Is this compatible with the next phase of surgery-based treatment we will see in the future, where it is more robotics-based?
Currently, robotics surgery also uses heat. Since it is managed at a micro-scale, it is more precise. I think the logic is the same, more heat means worse wound healing. If they can reduce the heat, then they would see less complication as in endoscope field. We are collaborating with a robotic surgeon too. We do not see the difference in complications yet, but some surgeons believe that less heat should be better for patients.
Which are the key target markets for your midterm strategy? Where do you see the most potential for growth?
The United States is by far the biggest market. We are a global company, but we are listed in the Tokyo Stock Exchange .The majority of the shareholders are Japanese, so we want to show that we are developing a great business in Japan too.

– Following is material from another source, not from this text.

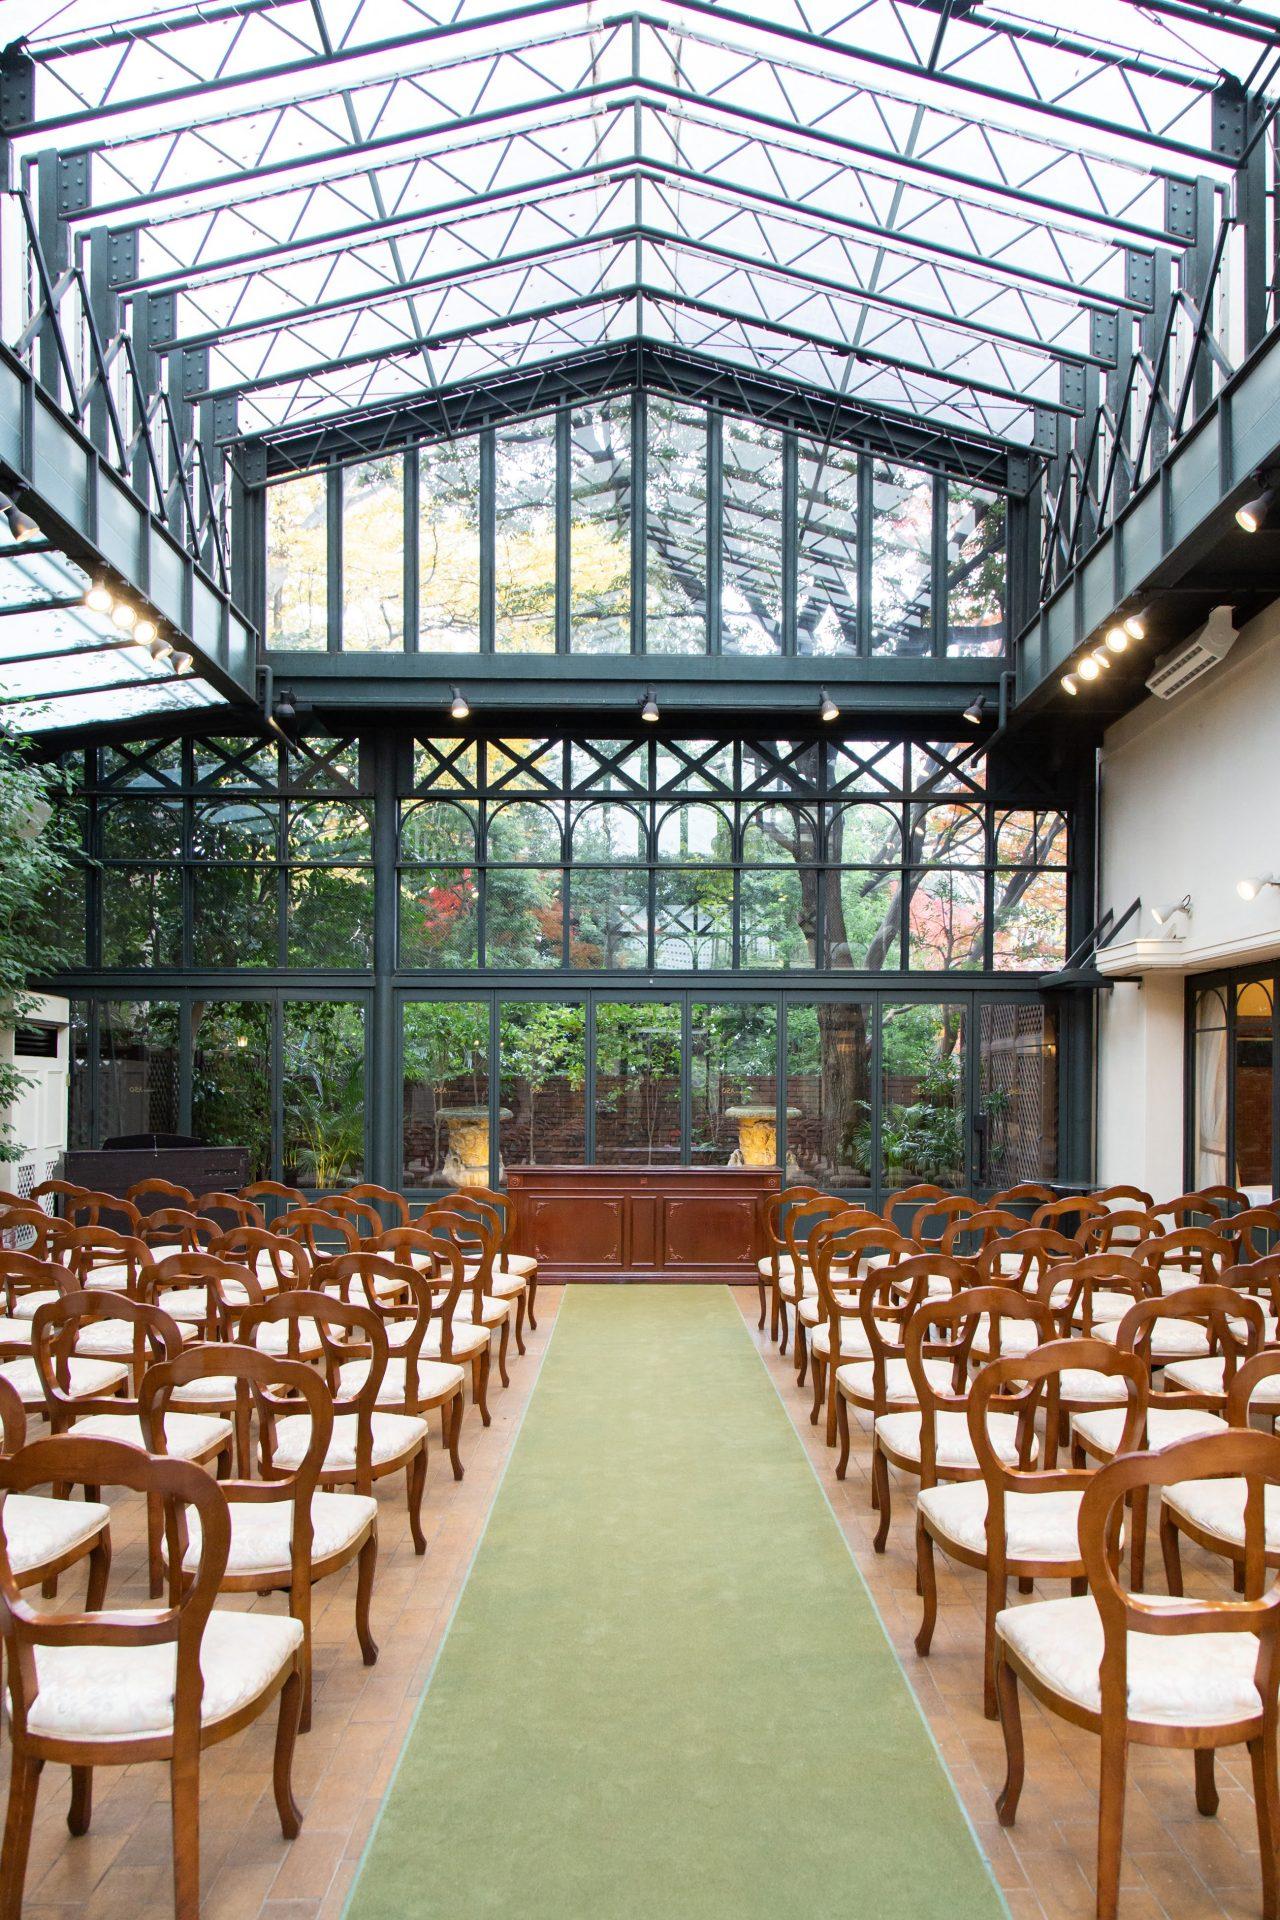 ひらまつ系列、リストランテASOは全面ガラスの開放感のあるガーデンチャペルで結婚式を行うことができます。

One of the applications of self-assembling peptides is molecular electronics - the possibility to create electronic components with self-assembling peptides. Is that something that you are looking at in your business?
Not exactly. I know that MIT founders invented self-assembling peptides about 20 years ago, and they changed their research focus. One of their focus was energy, which they tried to generate leveraging their peptide technology. They worked with energy, but we do not know whether we can take that direction for our business.
Is there a particular goal that you would like to achieve during your time as the president of 3-D Matrix?
The reason I have been working at this company for so long is that I am really convinced by this technology that was invented by MIT. The inventor was a candidate for a Nobel Prize. I think my mission is to commercialize this technology as much as possible and return the favor to MIT. Most of the technologies invented in the US are carried by someone there. Luckily, the Japanese got that technology. We want to show that if Japan gets an excellent technology from the US, we have the capability to commercialize it on the same level as they can. That is the track record I want to leave.